B. ... NI CONTREPARTIES

Lors de la discussion en commission et en séance publique de la proposition de loi, son auteur et rapporteur, M. Pierre Lequiller, mais aussi le président de la commission des affaires culturelles, familiales et sociales, M. Jean Le Garrec, et d'autres intervenants, avaient insisté sur la nécessité d'équilibrer les nouvelles servitudes imposées aux propriétaires, par des mesures fiscales.
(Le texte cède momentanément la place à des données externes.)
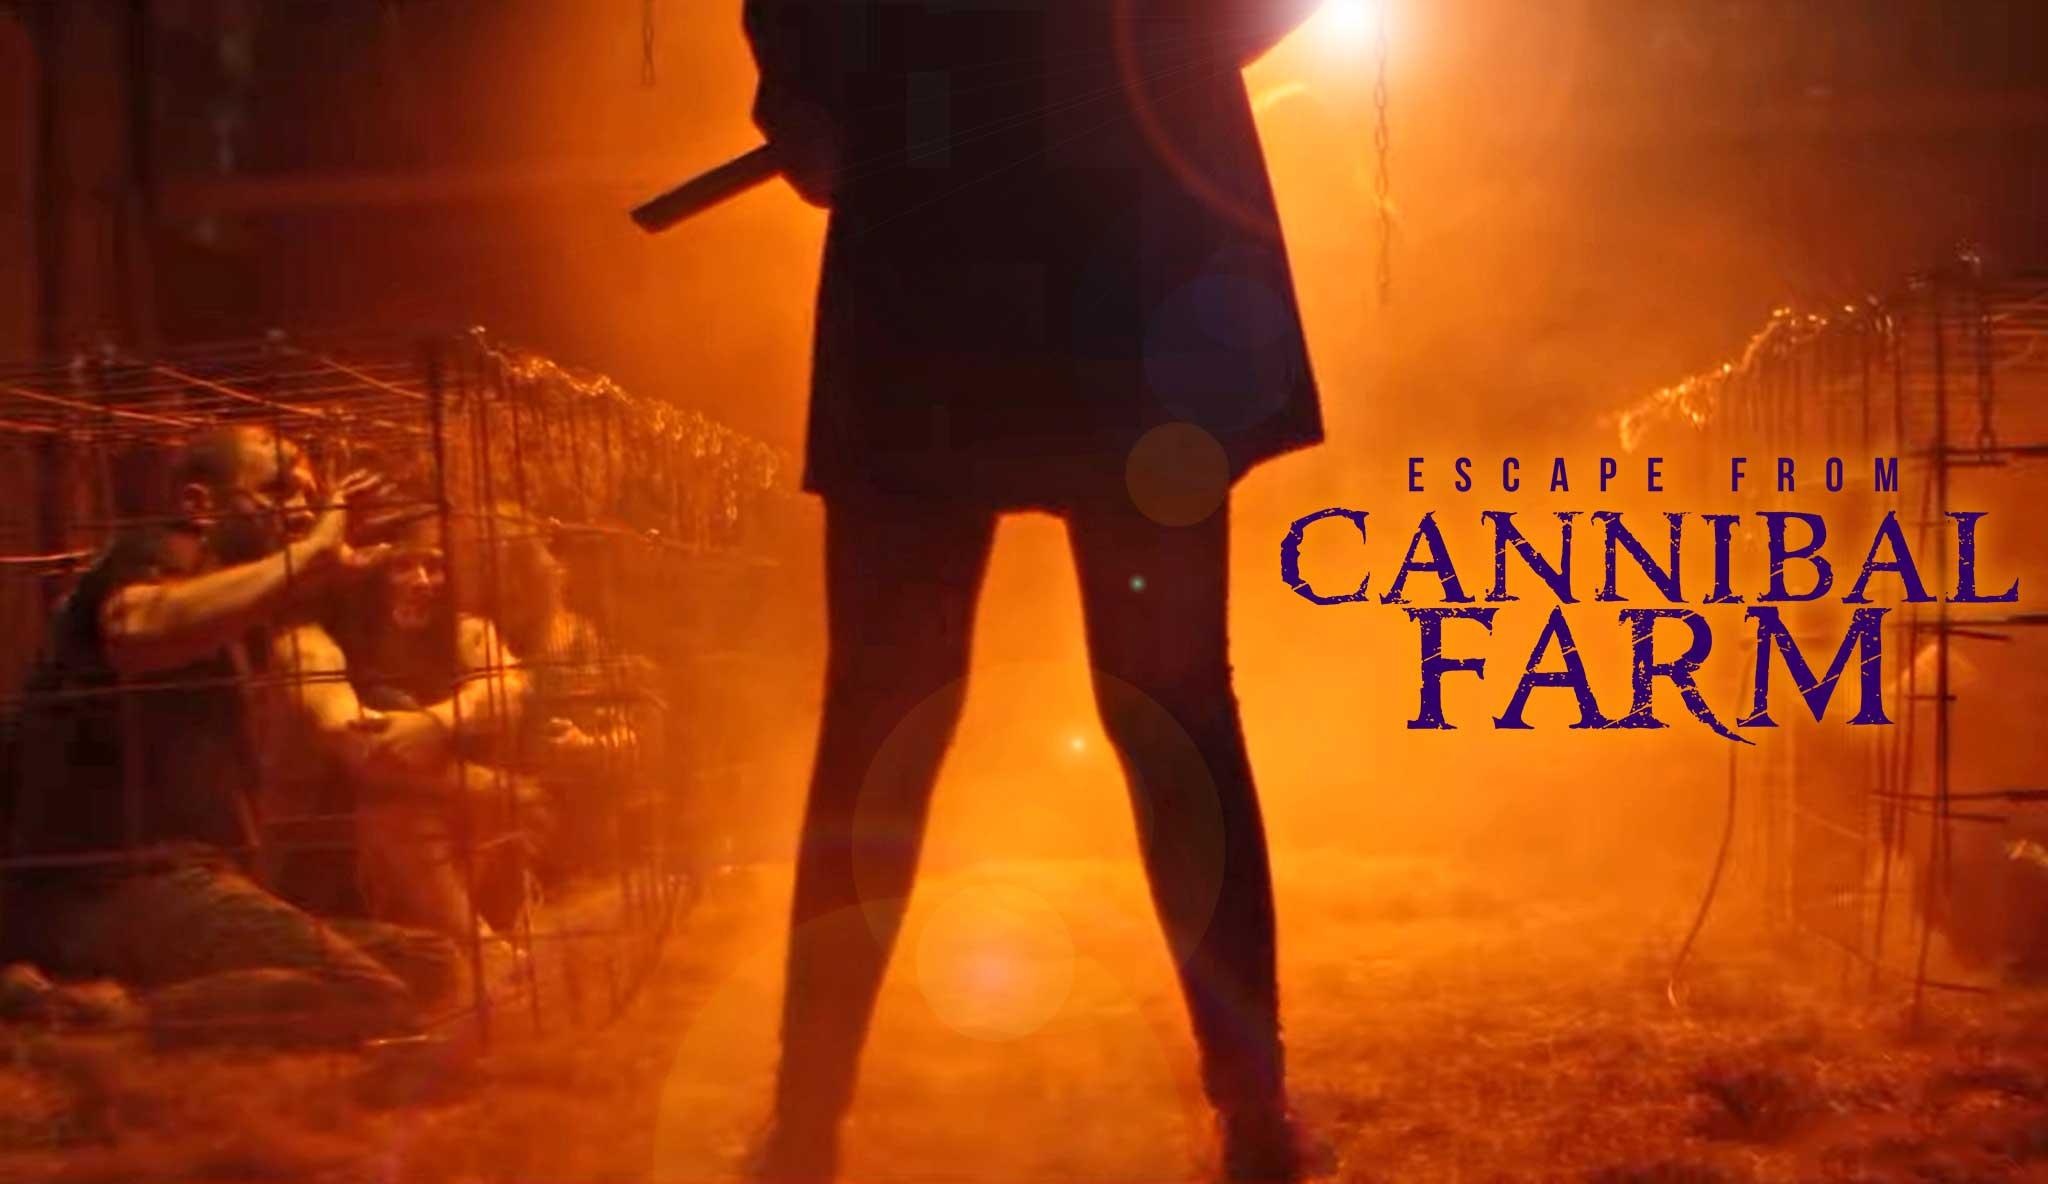 escape-from-cannibal-farm\header.jpg

M. Pierre Lequiller avait ainsi souligné, dans son intervention en séance publique, que « les contraintes créées par le classement doivent être compensées par un dispositif d'exonération fiscale, tant pour les sommes engagées dans la restauration des objets classés que pour les droits de succession applicables à l'ensemble des biens classés. (...) Comme l'a souligné le président Le Garrec, ces mesures conditionneront l'avenir de la réforme. »

Malgré ces propos, le « volet fiscal » introduit par amendements du gouvernement est extrêmement limité.

Il se borne en effet :

- à compléter, d'une part, le dispositif de l'article 795 A du code général des impôts pour permettre une exonération de moitié des droits de mutation en cas de signature d'une convention d'ouverture au public d'un monument protégé pour une durée minimale de 30 jours par an ;

- à limiter, d'autre part, les conséquences catastrophiques de l'interprétation très contestable que fait l'administration fiscale du dispositif de l'article 795 A en calculant, en cas de dénonciation de la convention, les intérêts de retard à compter du jour de la mutation. Cette « concession » de l'administration fiscale est cependant limitée. Elle est en outre dangereuse, car elle valide du même coup une interprétation contraire à la loi et qui n'est pas celle de la Cour de cassation.

C. UN DISPOSITIF RÉPRESSIF EXCESSIF ET MAL CONÇU

Le texte adopté par l'Assemblée nationale propose un dispositif pénal qui peut surprendre tant par sa rédaction volontiers approximative que par le quantum des peines.

On constate ainsi (article 12) que le conservateur du musée d'une grande ville qui prêterait un objet classé appartenant à la commune sans l'autorisation de l'Etat « ni hors la surveillance » (sic) de l'administration des affaires culturelles encourrait une amende de 200 000 francs, de même que le légataire d'un objet classé qui omettrait de notifier ce legs à l'autorité administrative, « dans les six mois du décès », ou le propriétaire d'un objet inscrit qui le ferait réparer sans avoir averti l'administration de son intention deux mois à l'avance...

Quant aux sanctions prévues par l'article 13 -trois ans de prison et 300 000 francs d'amende- elles sont prévues pour des défauts d'autorisation, de surveillance ( !) ou d'agrément de l'administration mais elles semblent surtout destinées à réprimer des atteintes à l'intégrité ou à la conservation des biens classés, et donc des infractions différentes, nettement plus graves, et déjà définies par le code pénal.

En revanche, curieusement, la vente illégale d'un objet classé appartenant à une personne publique ou l'exportation d'un objet classé bénéficient d'une singulière mansuétude : elles ne sont punies que de 6 mois d'emprisonnement et 50 000 francs d'amende.

L'ensemble de ce dispositif paraît mal équilibré et difficile à appliquer.

Il paraît surtout inutile : votre rapporteur est en effet porté à croire les associations de défense du patrimoine, qui sont souvent beaucoup plus actives -et beaucoup plus efficaces- que le ministère de la culture pour poursuivre les infractions aux lois protégeant le patrimoine, lorsqu'elles affirment que les textes en vigueur, pourvu qu'ils soient appliqués, permettent parfaitement de réprimer le saccage des monuments protégés.

Il proposera donc au Sénat de ne pas retenir le dispositif de la proposition de loi, mais simplement de compléter et de « toiletter » le droit en vigueur.